The sources, who preferred to remain anonymous given the investigation’s sensitive nature, said that the cloud market remedies could be announced within the next two weeks. The regulator previously set itself a deadline of November to December 2024 to publish its provisional decision.

A CMA spokesperson declined to comment on the timing of its provisional decision when asked by CNBC.

Plural co-founder on whether Nvidia's dominance can be shaken

Cloud infrastructure services is a market that’s dominated by U.S. technology giants Amazon and Microsoft. Amazon is the largest player in the market, offering cloud services via its Amazon Web Services (AWS) arm. Microsoft is the second-largest provider, selling cloud products under its Microsoft Azure unit.

The CMA probe traces its history back to 2022, when U.K. telecoms regulator Ofcom kicked off a market study examining the dominance of cloud giants Amazon, Microsoft and Google. Ofcom subsequently referred its cloud review to the CMA to address competition issues in the market.

Why is the CMA concerned?

Among the key issues the CMA is expected to address with recommended behavioral remedies, are so-called “egress” fees charging companies for transferring data from one cloud to another, licensing fees viewed as unfair, volume discounts, and interoperability issues that make it harder to switch vendor.

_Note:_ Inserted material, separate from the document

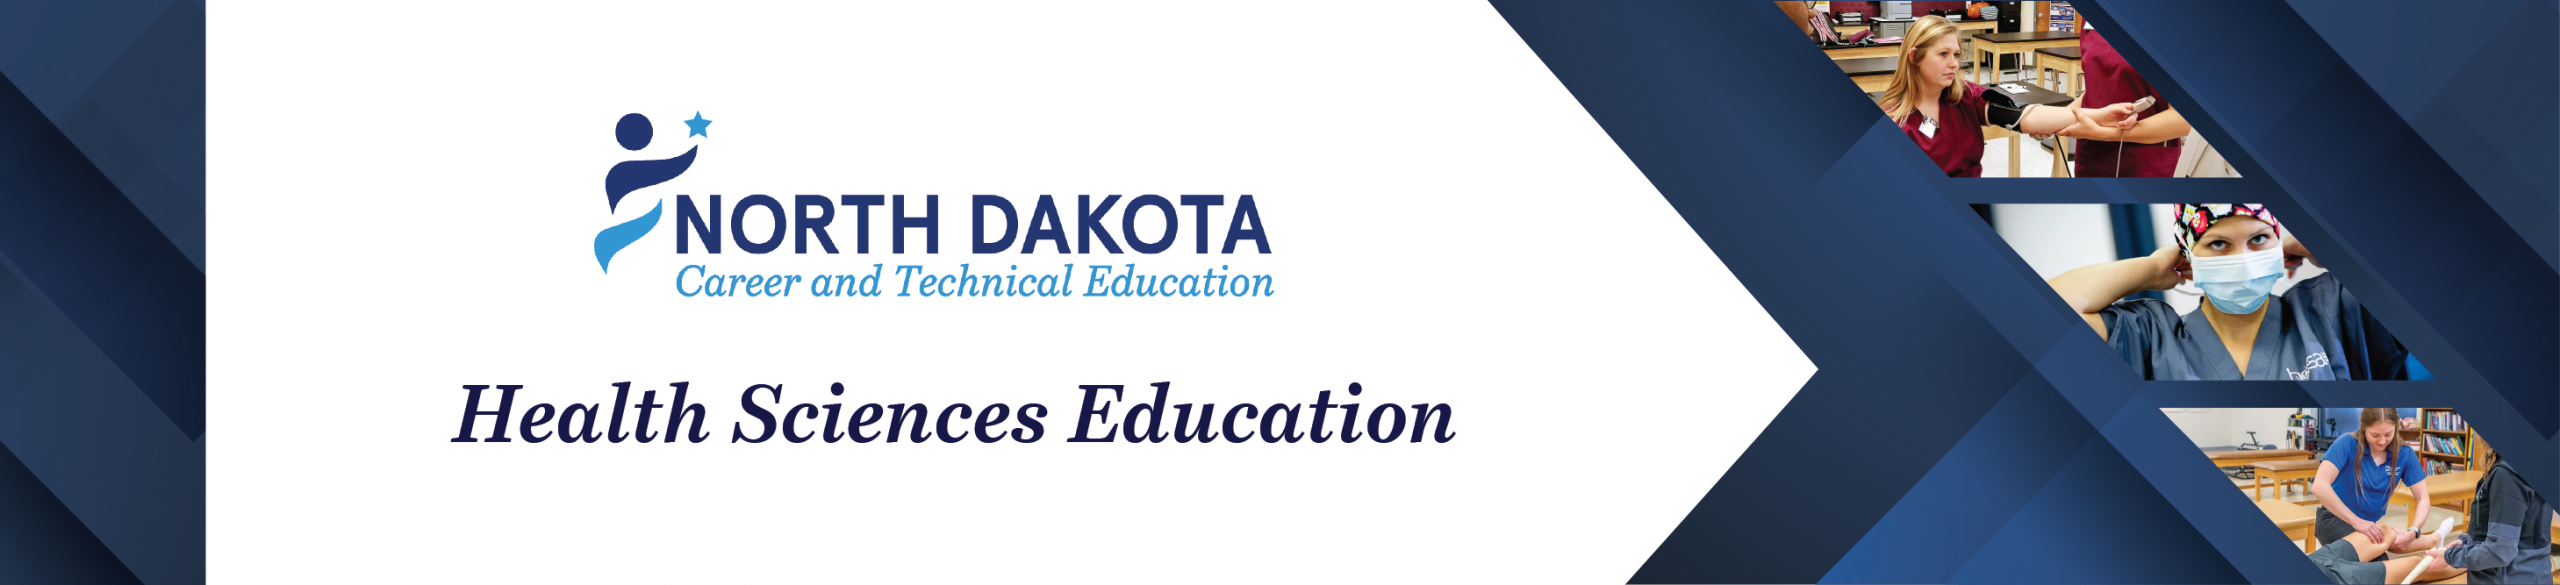 Health Sciences Education Banner with Images

According to one of the sources, there’s a chance Google may be excluded from the scope of the competition remedies given it is smaller in size compared to market leaders AWS and Microsoft Azure.

Amazon and Microsoft declined to comment on this story when contacted by CNBC. Google did not immediately return a request for comment.

What could the remedies look like?

The CMA has said previously in June that it was more minded toward considering behavioral remedies to resolve its concerns as opposed to “structural” remedies, such as ordering divestments or operational separations.

The watchdog said in a working paper in June that it was “at an early stage” of considering potential remedies.

Solutions floated at the time included imposing price controls restricting the level of egress fees, lowering technical barriers to switching cloud providers, and banning agreements encouraging firms to commit more spend in return for discounts.

One contentious measure the regulator said it was considering was requiring Microsoft to apply the same pricing for its productivity software products regardless of which cloud they’re hosted on — a move that would have a significant impact on Microsoft’s pricing structures.

CMA Chief Executive Sarah Cardell is set to hold a speech on Thursday at Chatham House, a U.K. policy institute. In an interview with the Financial Times, she defended the regulator’s track record on competition enforcement amid criticisms from Prime Minister Keir Starmer that the agency was holding back growth.

She is expected to outline plans for a review in 2025 into whether the CMA should more frequently use behavioral remedies when approving deals, the FT reported.